The Key Events That Will Move XAU/USD in the Days Ahead
The week ahead is heavy with market-moving data. Tuesday brings existing home sales for February. Wednesday delivers the February CPI report — the single most important print for gold's near-term direction. If CPI comes in hot, it reinforces the stagflation narrative and complicates the Fed's path, which historically has been a net positive for gold despite the dollar headwind. Thursday brings weekly jobless claims, housing starts, and building permits. Friday closes with durable goods orders, preliminary Q4 GDP, Core PCE, and University of Michigan preliminary consumer sentiment for March — a comprehensive picture of whether the economy is genuinely weakening or whether February's jobs shock was distorted by the Kaiser Permanente strike.

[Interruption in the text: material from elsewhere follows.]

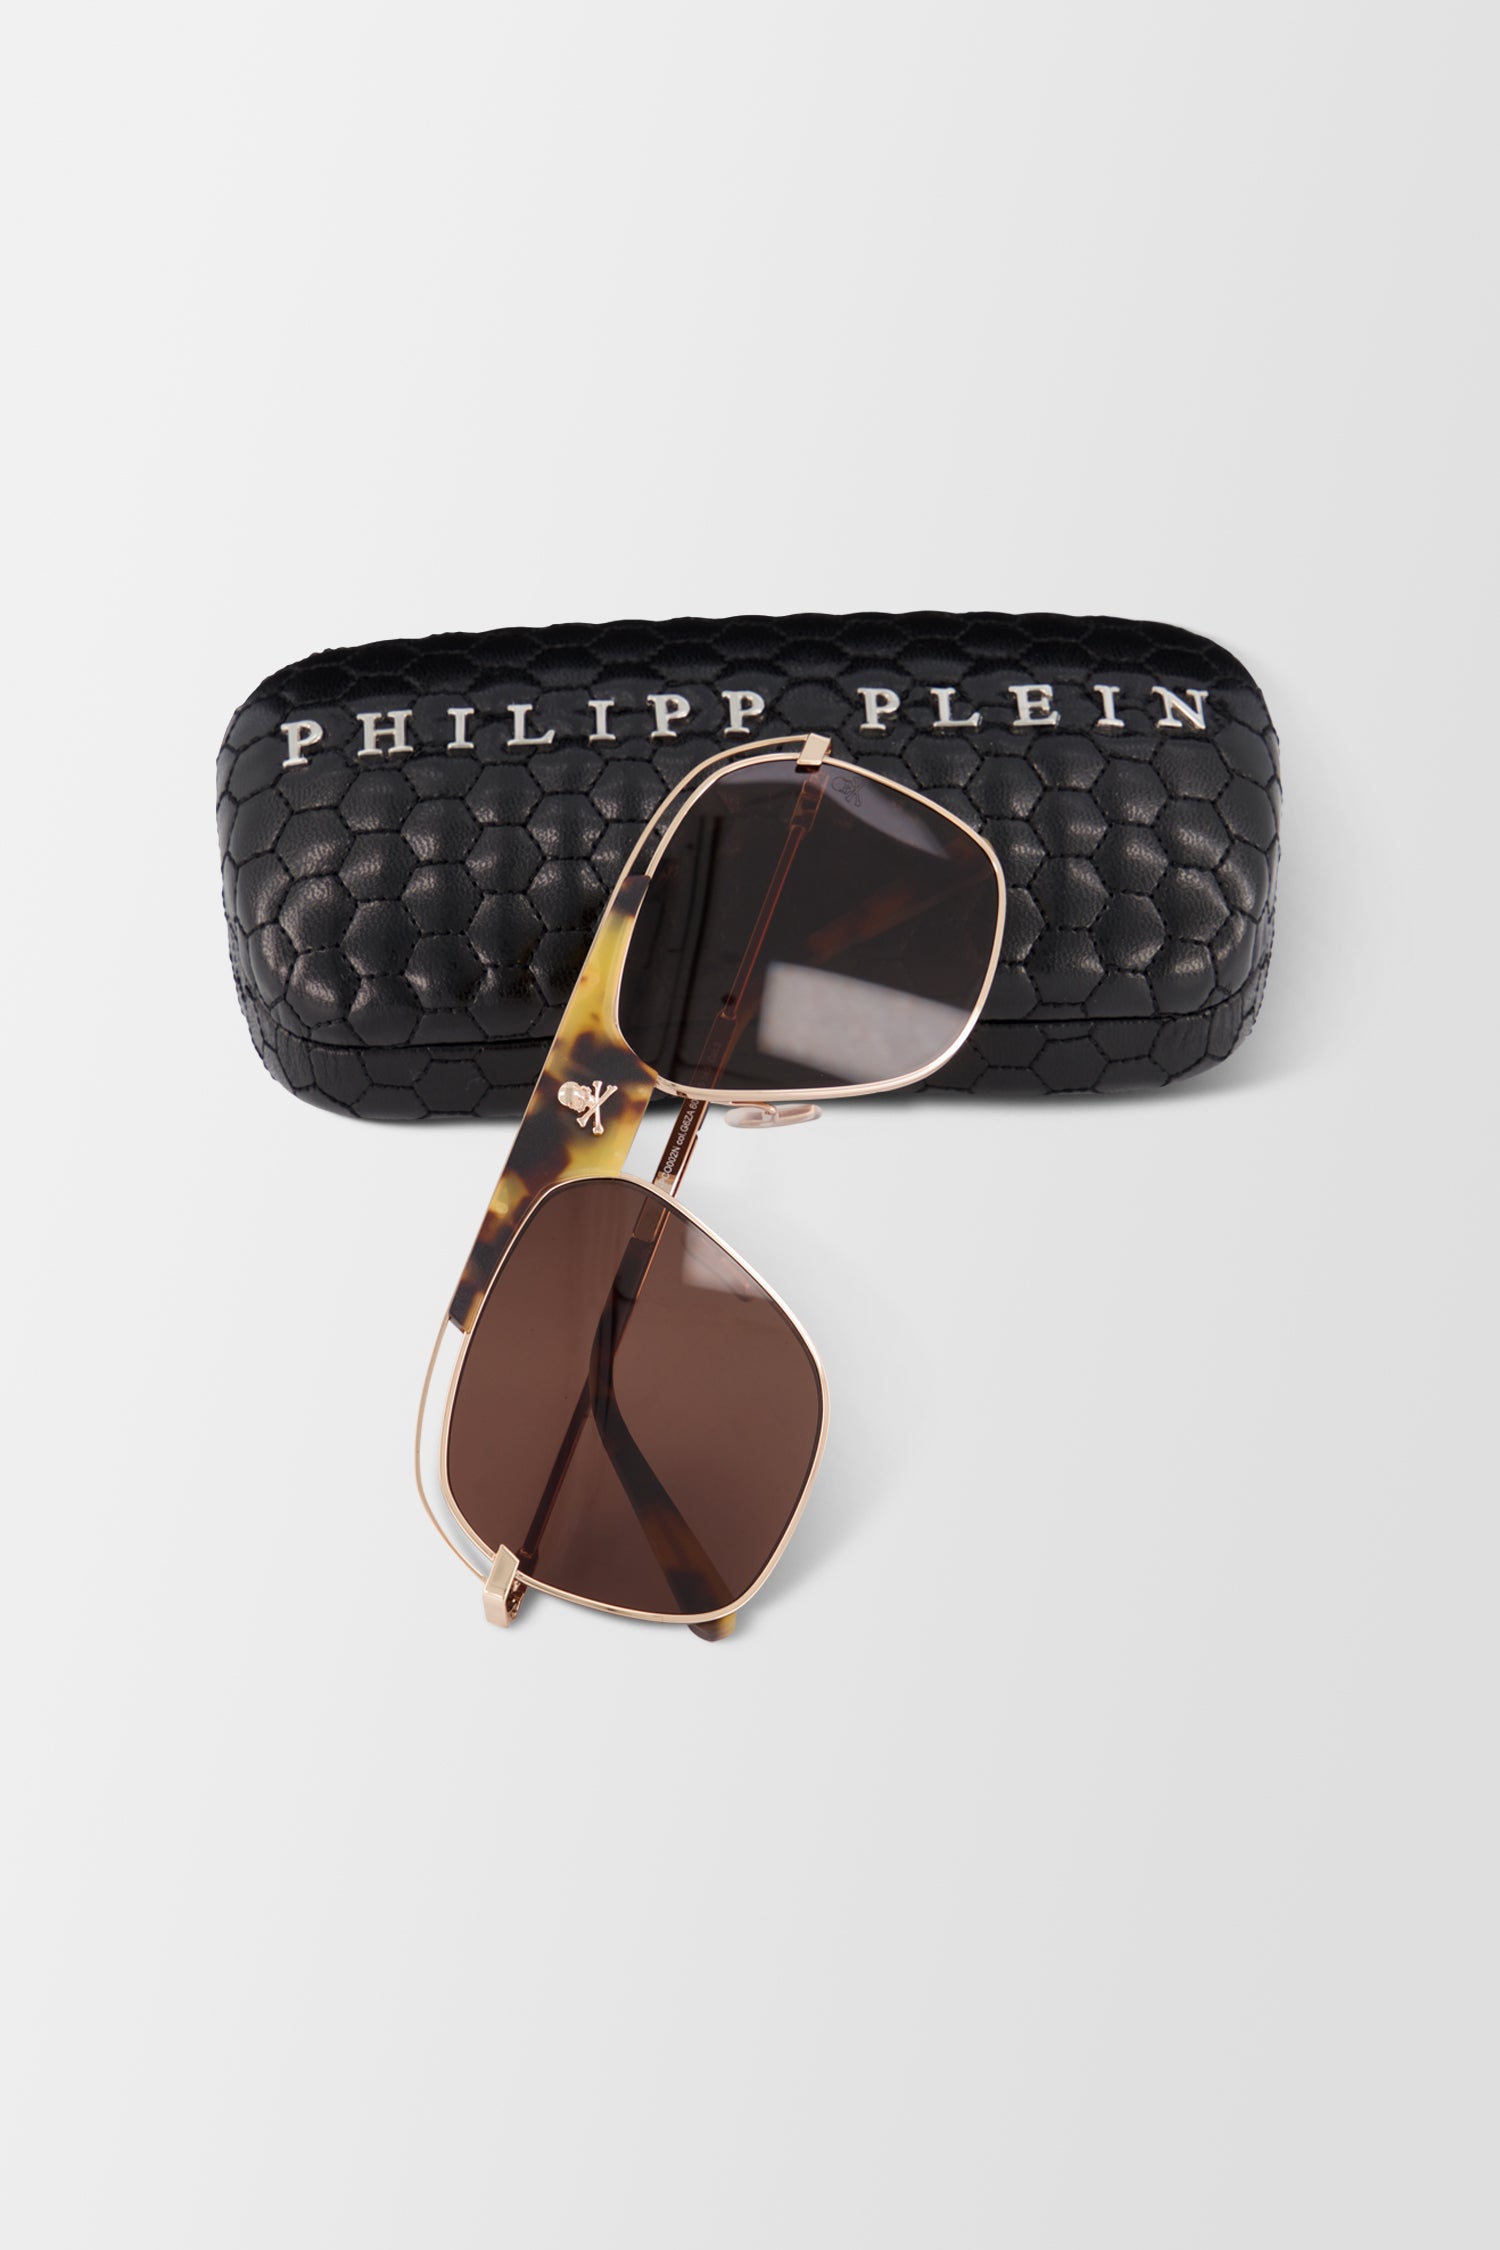 Philipp Plein Original Noah Sunglasses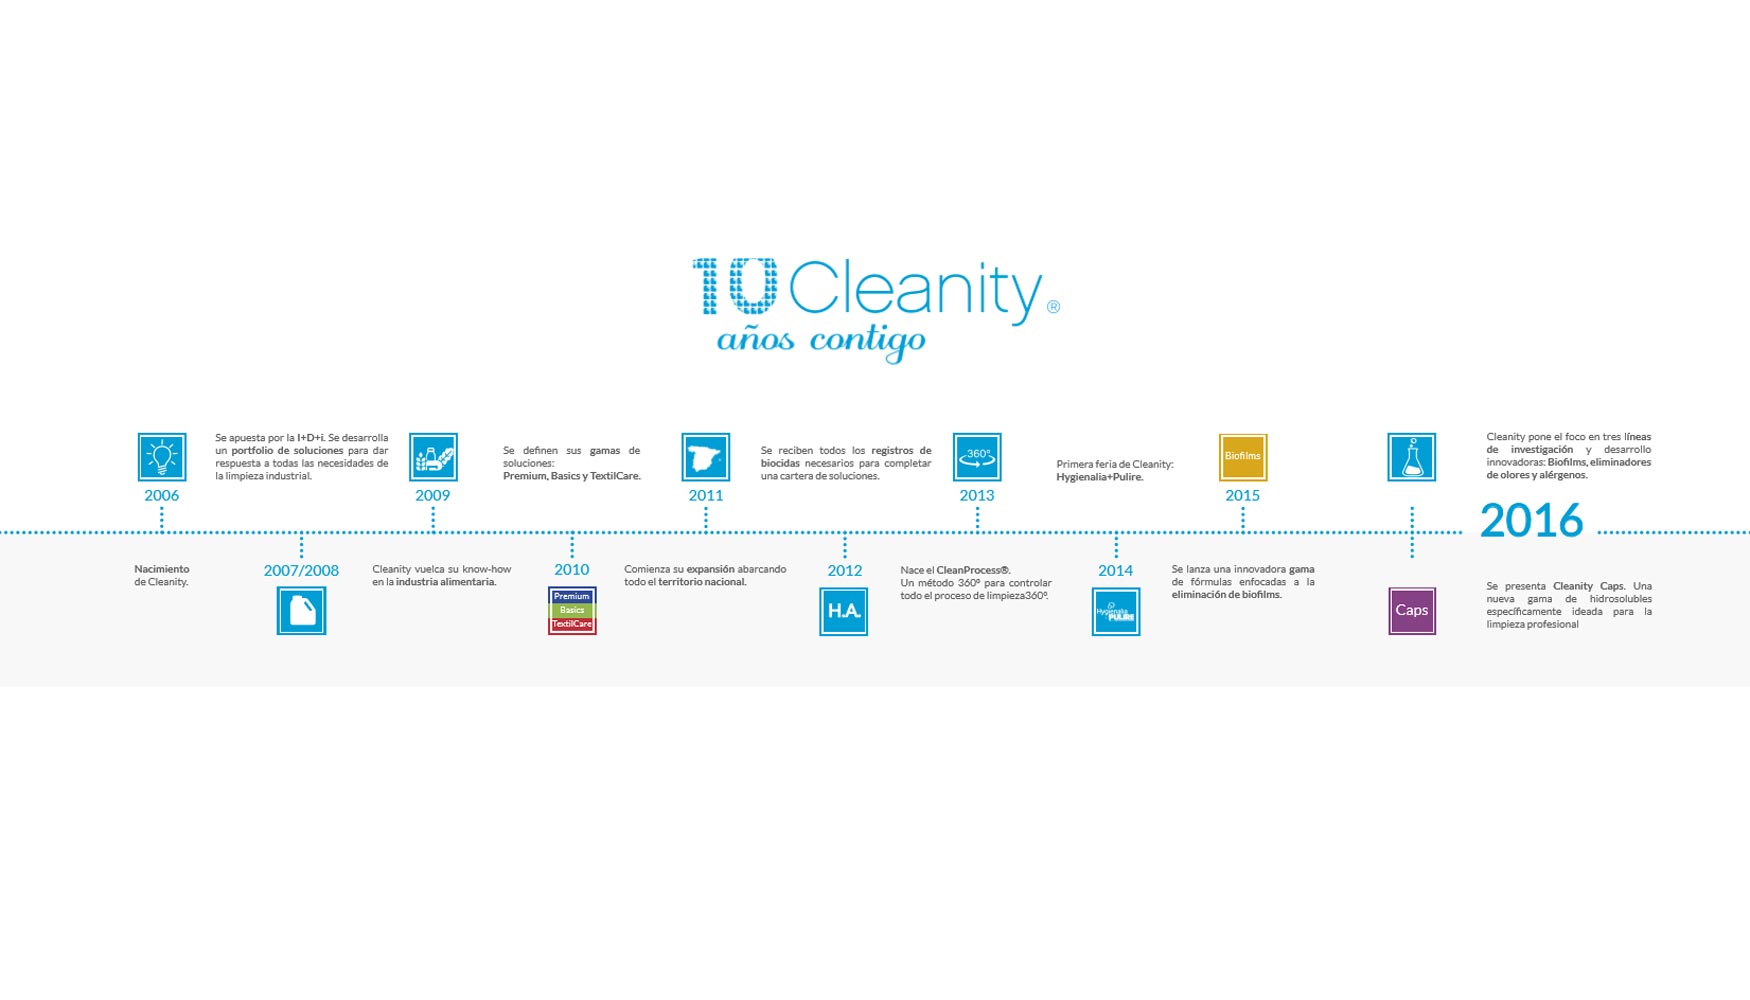 Timeline de los 10 aos de Cleanity

The Federal Reserve meeting on March 18 is the medium-term focal point. No one expects a cut. The question is whether Fed Chair Powell's press conference language shifts toward an easing bias in response to the labor market deterioration, or whether $90 crude and rising inflation expectations keep the Fed's tone cautious. A dovish pivot in language — even without a rate cut — would be a significant catalyst for gold to reclaim $5,200 and test the $5,400 resistance that capped this week's rally.
The Verdict: Buy the Dip, $5,000 Is the Stop
Gold is a buy on weakness with a defined risk level at $5,000. The secular bull market is intact. The 200-day moving average continues to slope upward. Global central bank demand, dollar debasement concerns, and an inflation backdrop that the Fed cannot fully contain create structural tailwinds that dwarf the near-term noise of dollar strength and war-premium digestion. The Friday close at $5,158 — at the upper edge of the week's consolidation range — suggests the market found equilibrium and is positioned to push higher as the Iran situation evolves and monetary factors reassert themselves.
The near-term risk is a break below $5,000 that opens the door to Kuptsikevich's $4,850 to $4,900 target. That is the stop. If gold closes convincingly below $5,000, the short-term bearish case becomes credible and position sizing should be reduced. But as long as $5,000 holds — and it has held through four consecutive sessions after being tested — the path of least resistance points toward $5,400 on the next breakout attempt, with ANZ's $5,800 Q2 target representing the upper bound of what is achievable if the macro and geopolitical sequence plays out in the bull's favor.